Ces clivages révèlent une tension classique entre l’alarme américaine et le réalisme régional. L’Arms Control Association note que les briefings passés repoussaient toute capacité ICBM pakistanaise à un horizon lointain. Les mots de Gabbard, fidèles aux rapports officiels, attisent ainsi un débat sur les priorités des menaces.
Les enjeux stratégiques pour Washington
Ces annonces coïncident avec les critiques internes sur la guerre contre l’Iran, lancée il y a trois semaines. Interrogée sur la « menace imminente » iranienne, Gabbard a distingué les faits du renseignement des choix politiques du président : « Ce n’est pas à nous de définir ce qui est imminent. »
Placer le Pakistan dans le quintet des dangers nucléaires – Russie, Chine, Corée du Nord, Iran – durcit la posture défensive américaine face à la prolifération. Le rapport anticipe des progrès en portée, précision et contournement des antimissiles américains. Les frappes sur l’Iran, via l’opération Epic Fury, visent précisément à freiner ces évolutions, comme l’a rappelé Gabbard.
Cette mise en garde s’intègre à une vision globale de la sécurité intérieure, où la prolifération des vecteurs balistiques exige une modernisation des défenses. Elle surgit aussi au cœur de soupçons sur l’influence politique dans le renseignement, Gabbard réaffirmant son objectivité.
Contexte historique des tensions nucléaires sud-asiatiques
Le Pakistan a forgé son arsenal nucléaire dans les années 1990, riposte aux essais indiens de 1974 et 1998. Sa doctrine de « dissuasion crédible à capacité minimale » cible l’Inde, avec des missiles comme le Shaheen-III (2 750 km) et des travaux en cours. Les fuites d’A.Q. Khan ont jadis nourri les peurs de prolifération vers des États voyous.
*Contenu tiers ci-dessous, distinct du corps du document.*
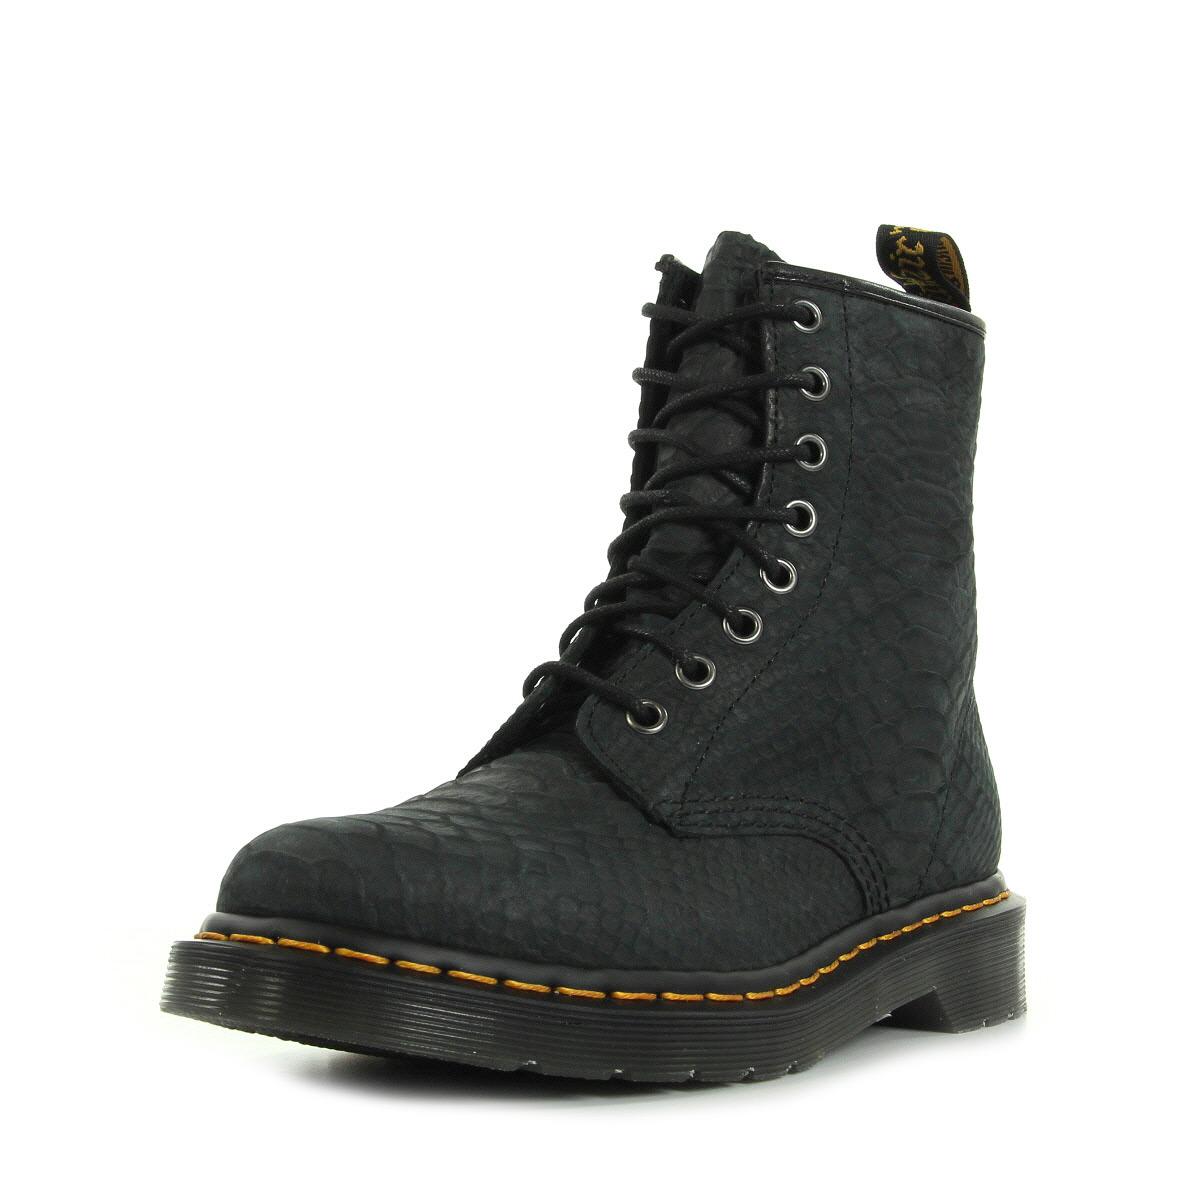 chaussures boots dr martens femme 1460 taille noir noire cuir lacets ebay. Black Bedroom Furniture Sets. Home Design Ideas
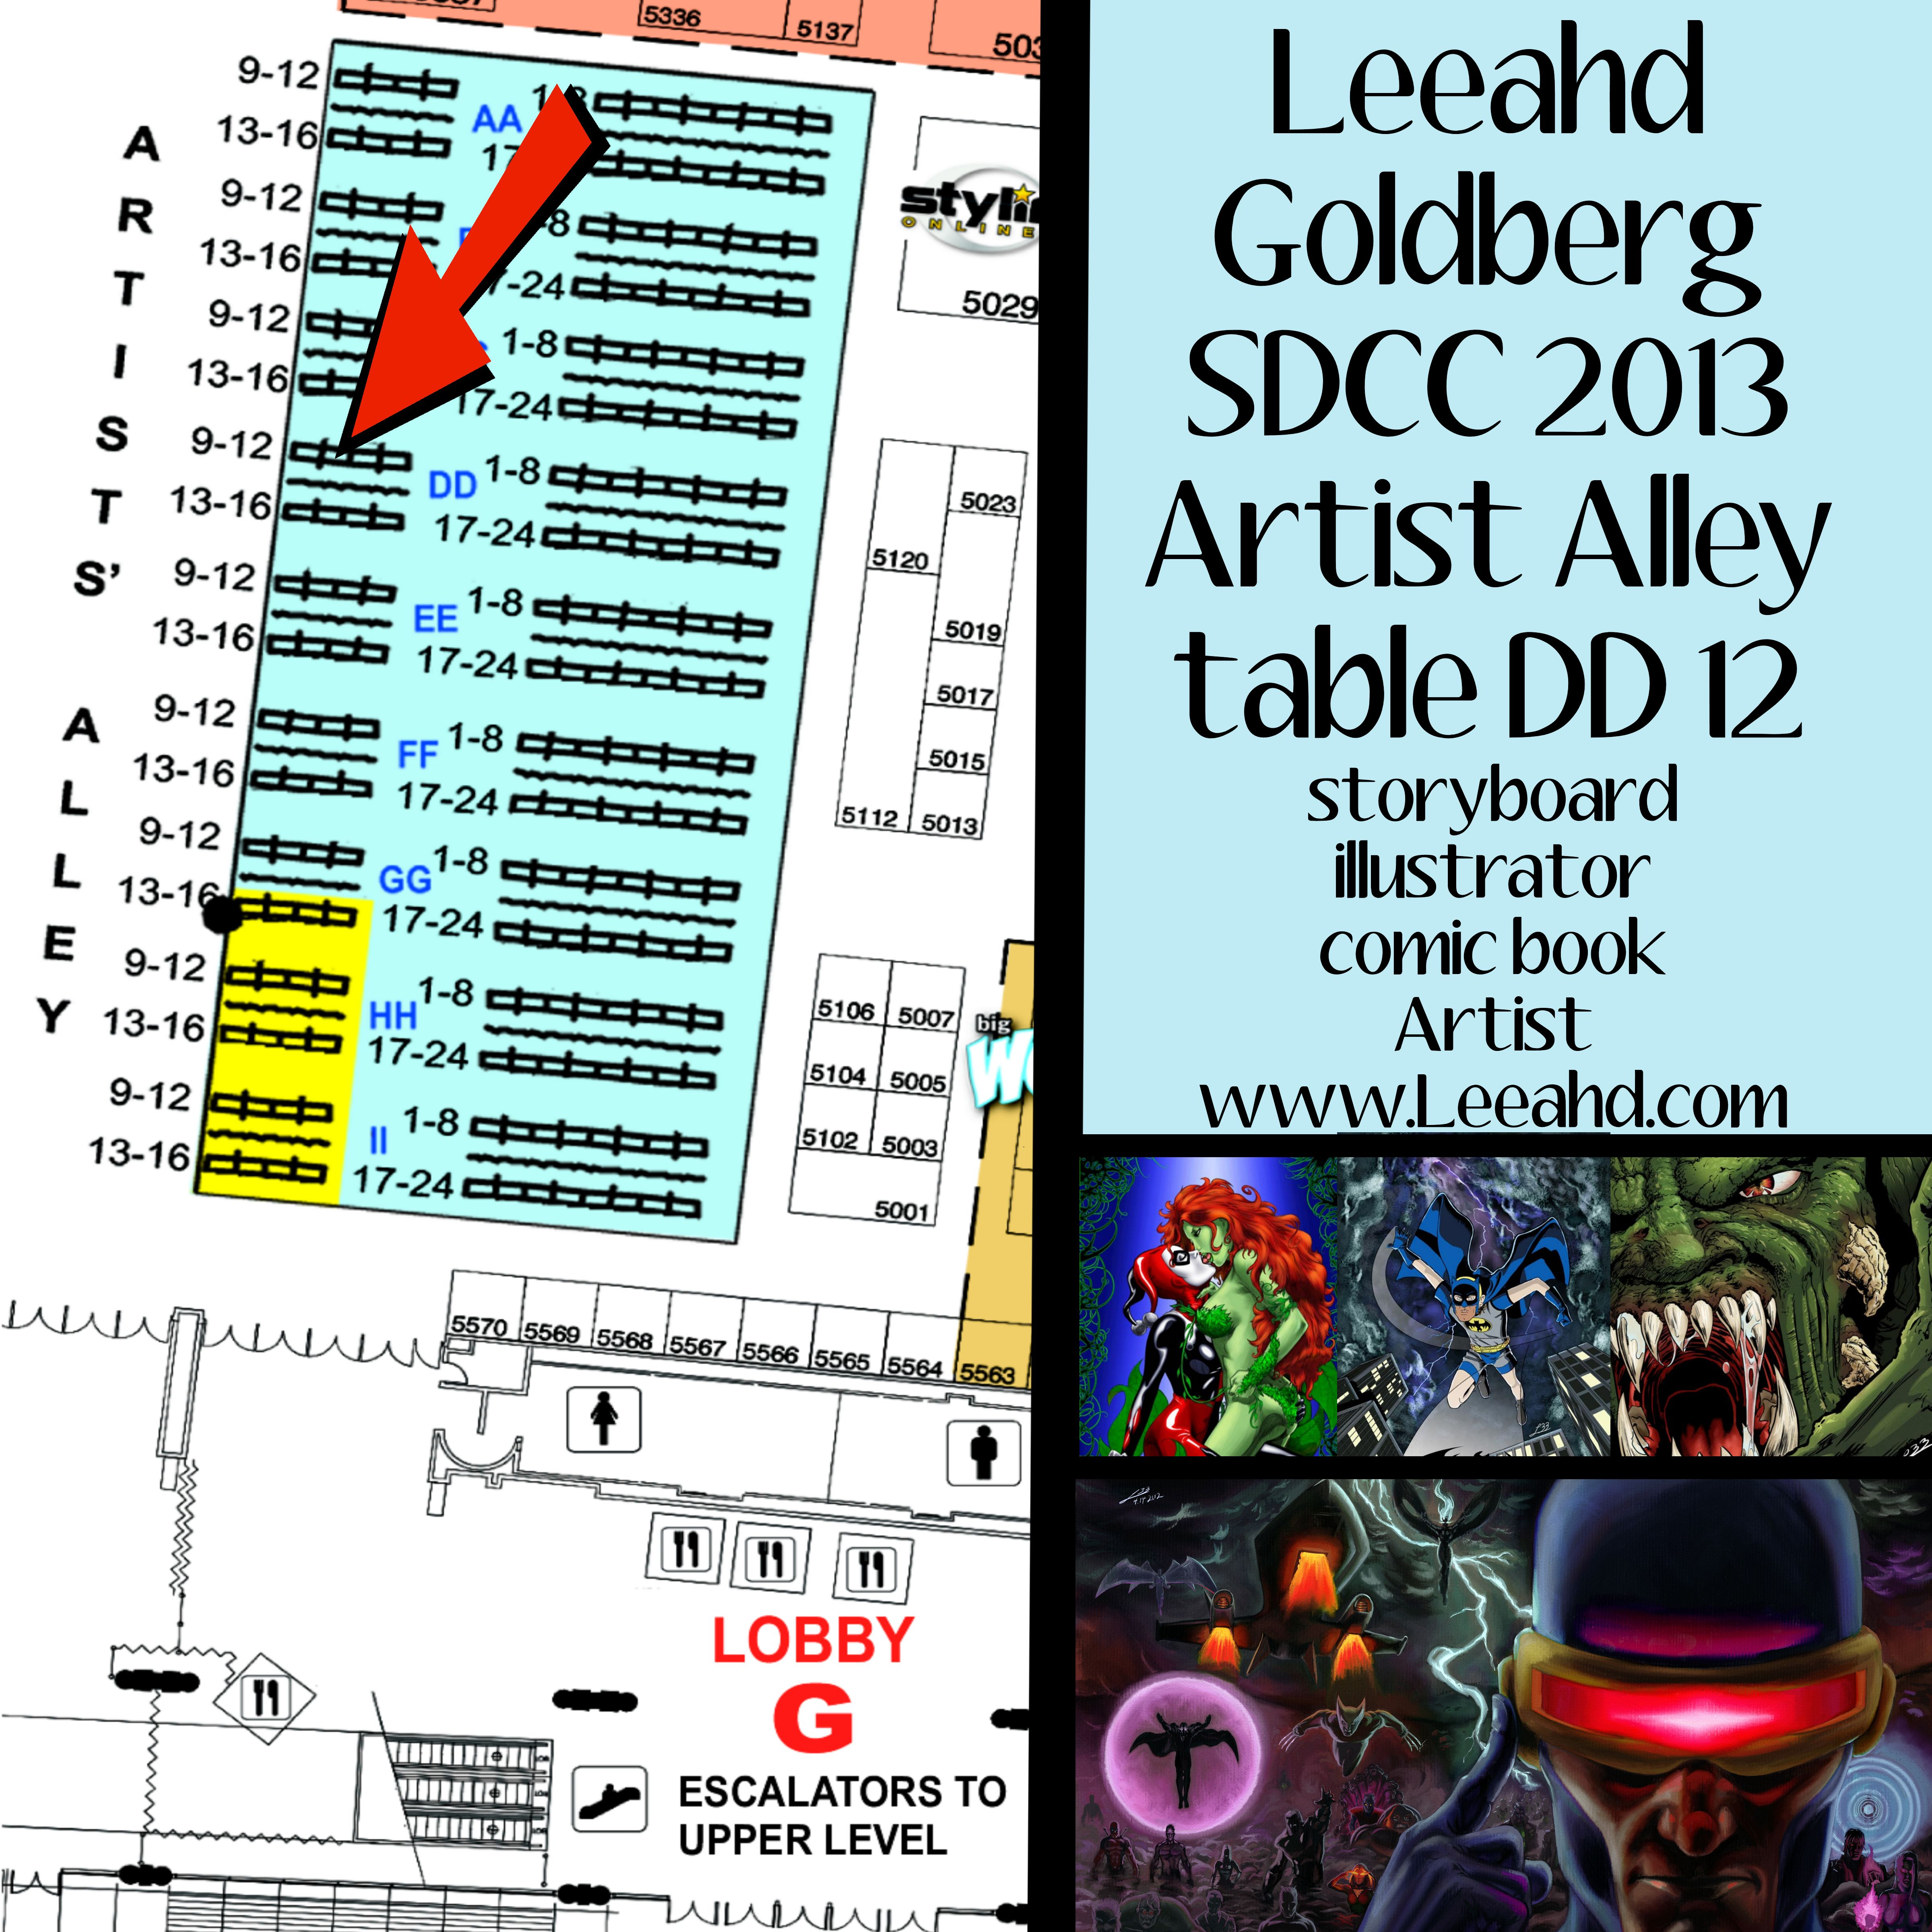 LeeahdComicCon2013 by Leeahd

Les États-Unis ont sanctionné Islamabad par le passé, tout en coopérant sur la sécurité nucléaire via des accords bilatéraux. L’Inde, avec son Agni-V (5 000 km), échappe au régime de non-prolifération grâce à l’accord civil de 2008. Cette asymétrie alimente les doléances pakistanaises, légitimant à leurs yeux leurs progrès balistiques.
Les rappels à l’ordre de Washington cherchent aussi à juguler une course aux armements. Certains experts évoquent un essai d’ICBM pakistanais d’ici 2030, sans cible évidente hors Inde.
Perspectives immédiates et régionales
À bref terme, le Pakistan pourrait répliquer sur le plan diplomatique, en insistant sur son axe indien, comme naguère. Aucune réaction officielle n’a filtré, mais Rabia Akhtar plaide pour un débat « ancré dans les réalités régionales », loin des spéculations. Cela risque de compliquer les liens américano-pakistanais, déjà plombés par l’Afghanistan et la lutte antiterroriste.
Pour Washington, ranger Islamabad dans cette liste justifie les budgets antimissiles, de l’Aegis au Ground-Based Midcourse Defense. Dans le contexte iranien, cela dessine un encerclement multilatéral. Reste que les analystes minimisent toute urgence, à dix ans des capacités pakistanaise.
Gabbard campe sur une vigilance intacte, quand les voix régionales prônent la mesure pour éviter une surenchère verbale.
L’évaluation 2026 du renseignement américain confirme cette attention accrue aux programmes balistiques, sans annonce d’action immédiate contre le Pakistan.